What is required: Make an exact copy of the data below, leaving out every picture.

[[ Data provided open ]]

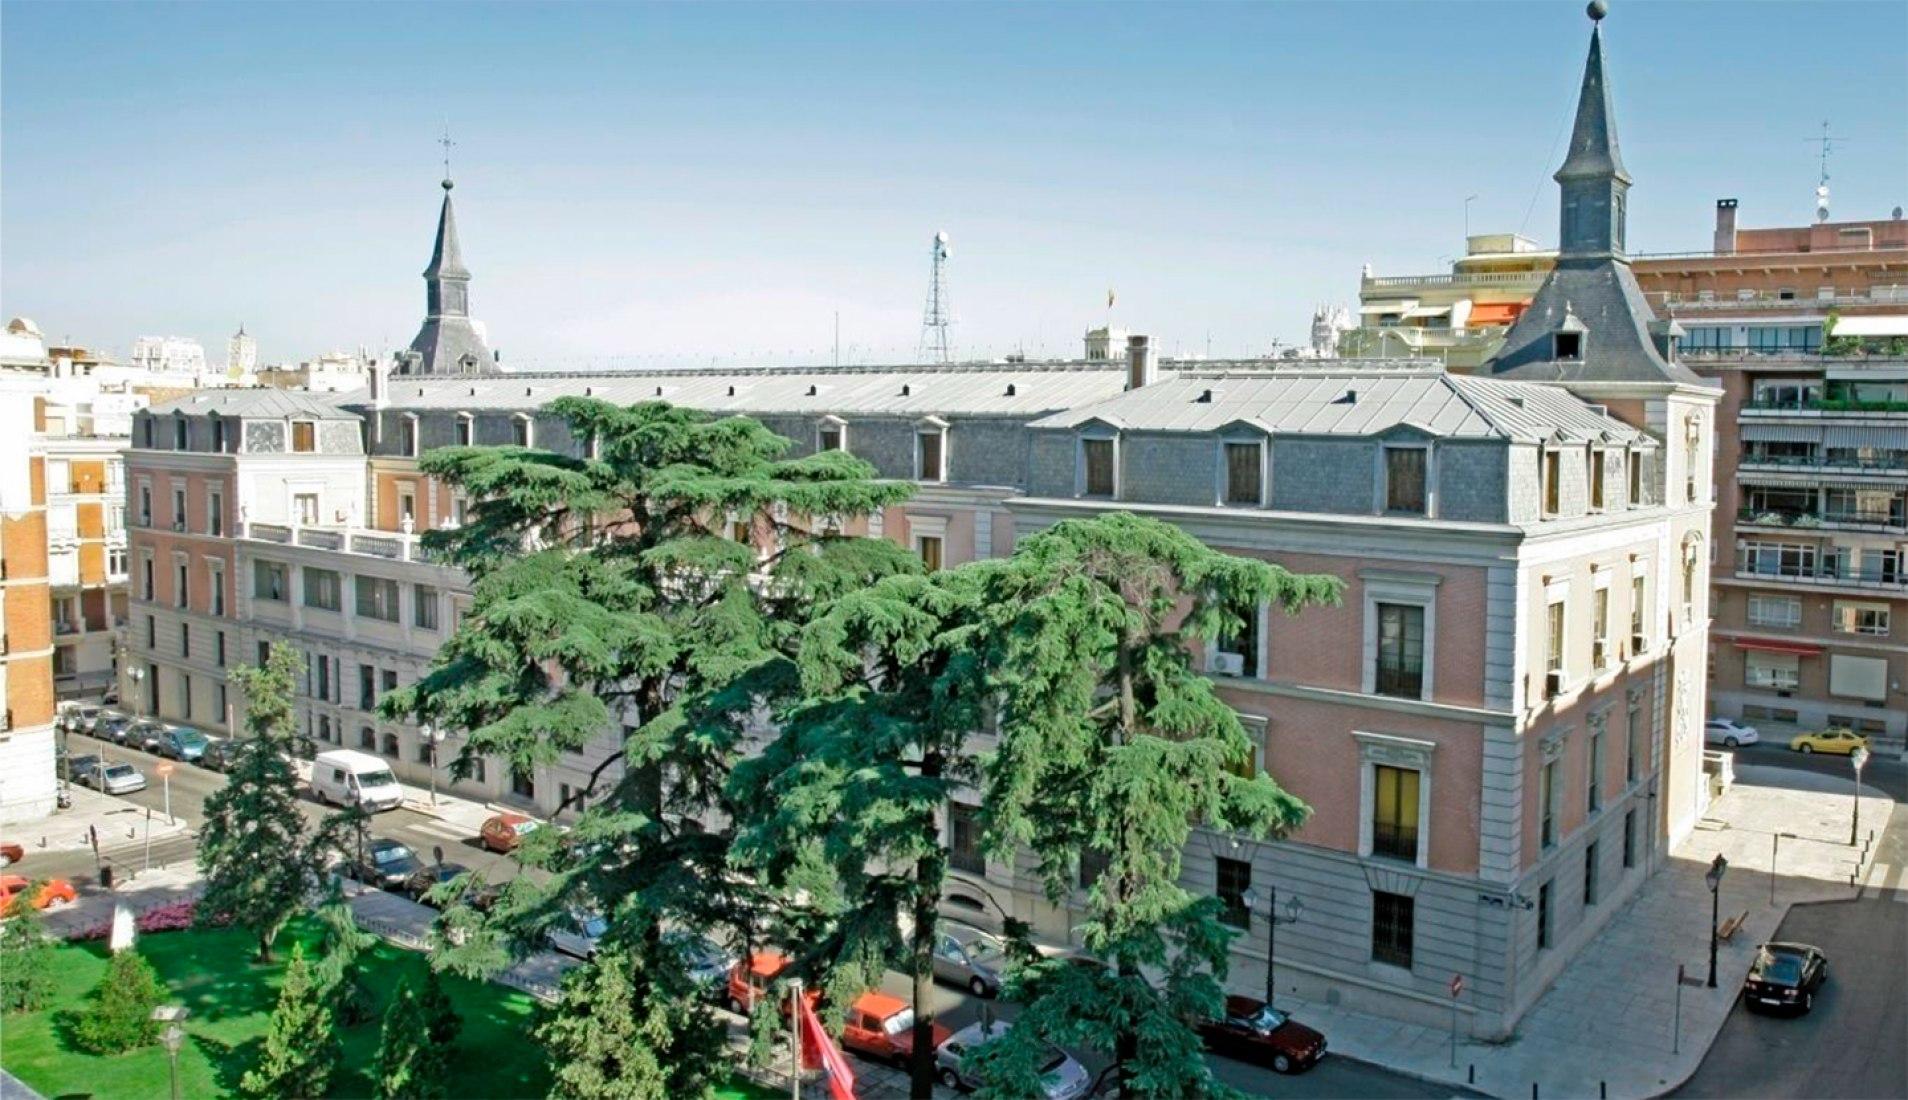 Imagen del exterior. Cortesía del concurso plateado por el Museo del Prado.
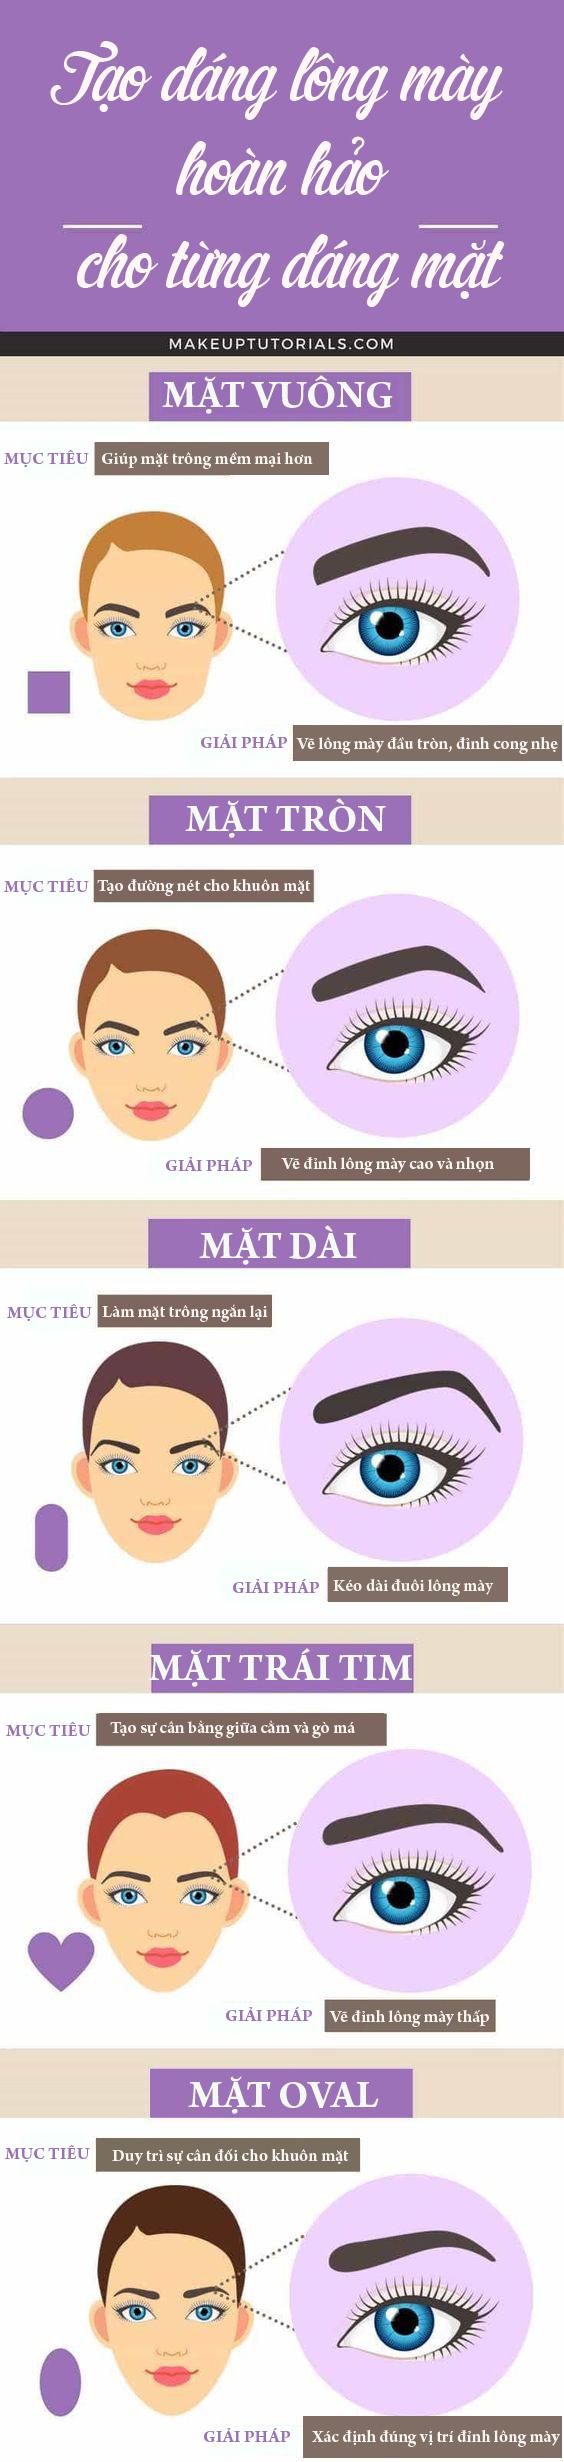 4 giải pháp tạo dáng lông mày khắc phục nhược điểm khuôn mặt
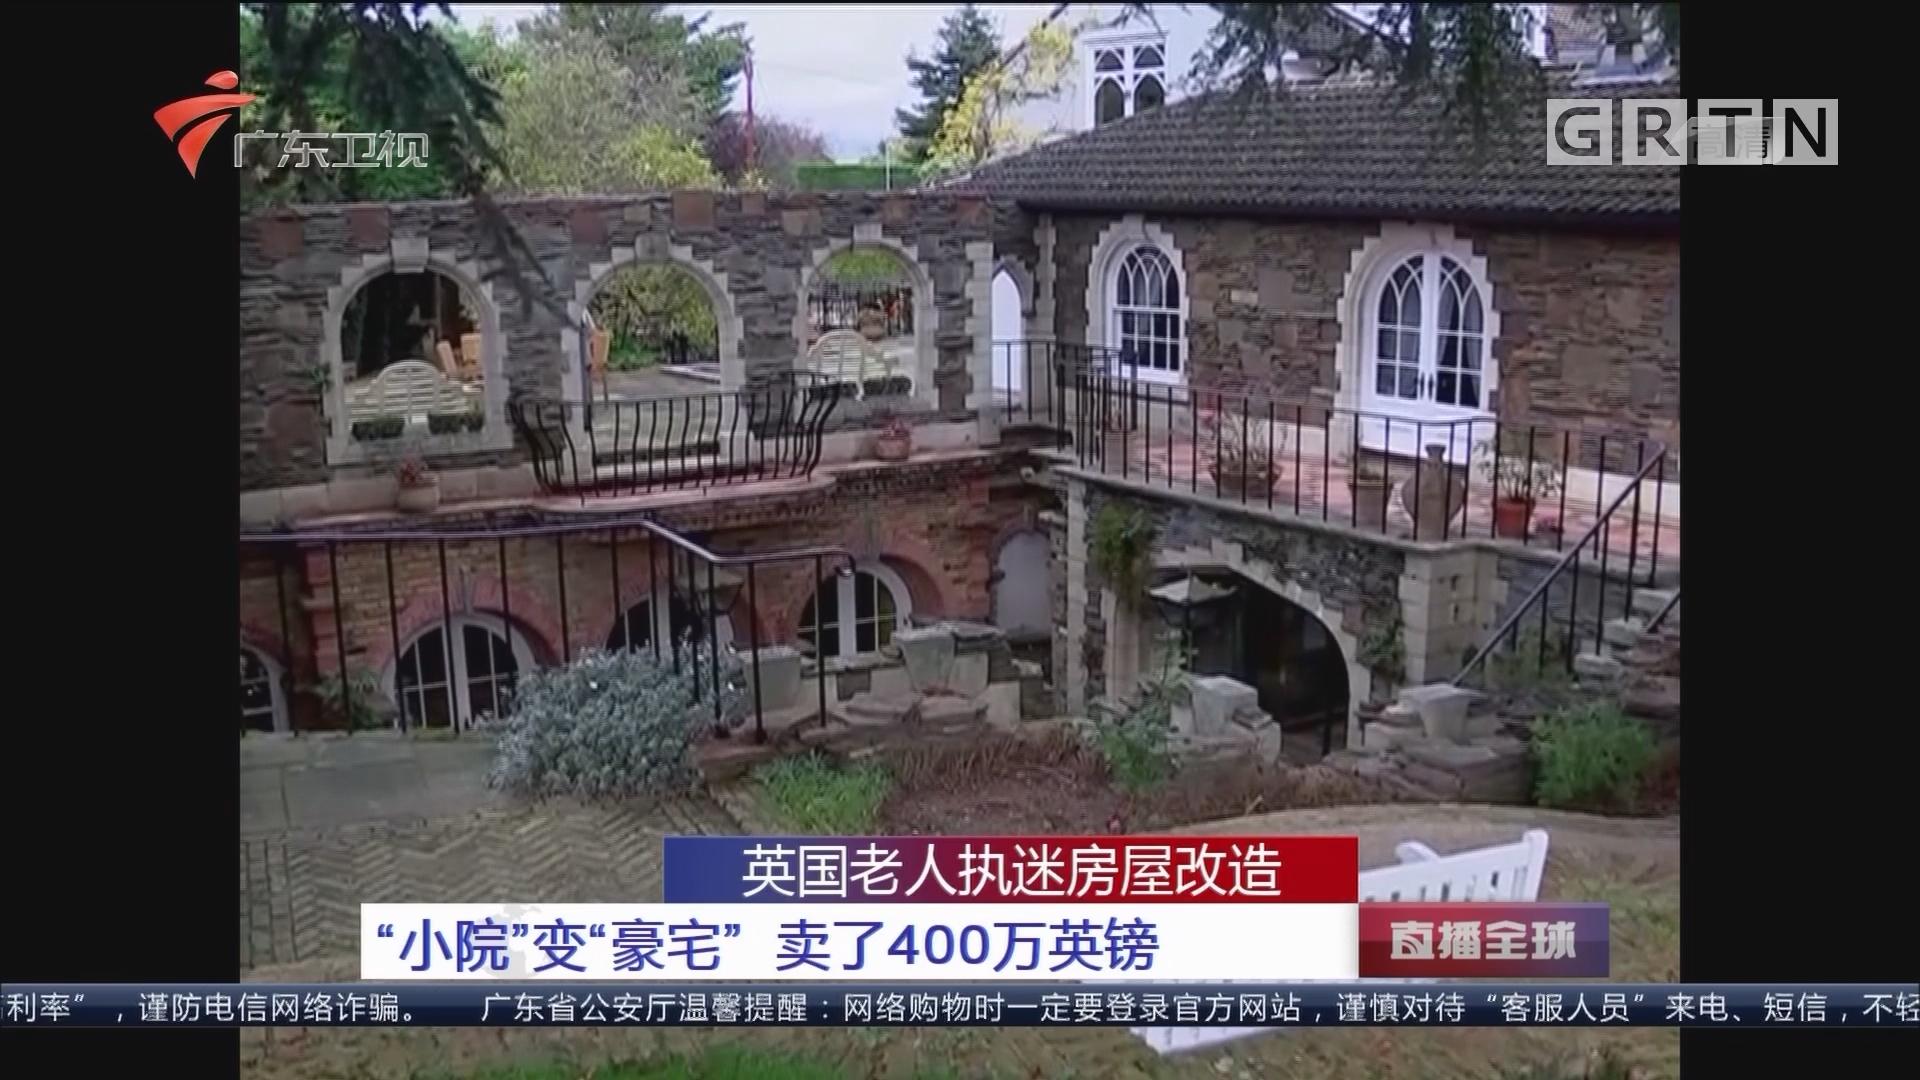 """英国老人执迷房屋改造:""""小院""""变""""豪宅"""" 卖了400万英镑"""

[[ Data provided closed ]]

Solution to the problem:
 Imagen del exterior. Cortesía del concurso plateado por el Museo del Prado.
 4 giải pháp tạo dáng lông mày khắc phục nhược điểm khuôn mặt
 """英国老人执迷房屋改造:""""小院""""变""""豪宅"""" 卖了400万英镑"""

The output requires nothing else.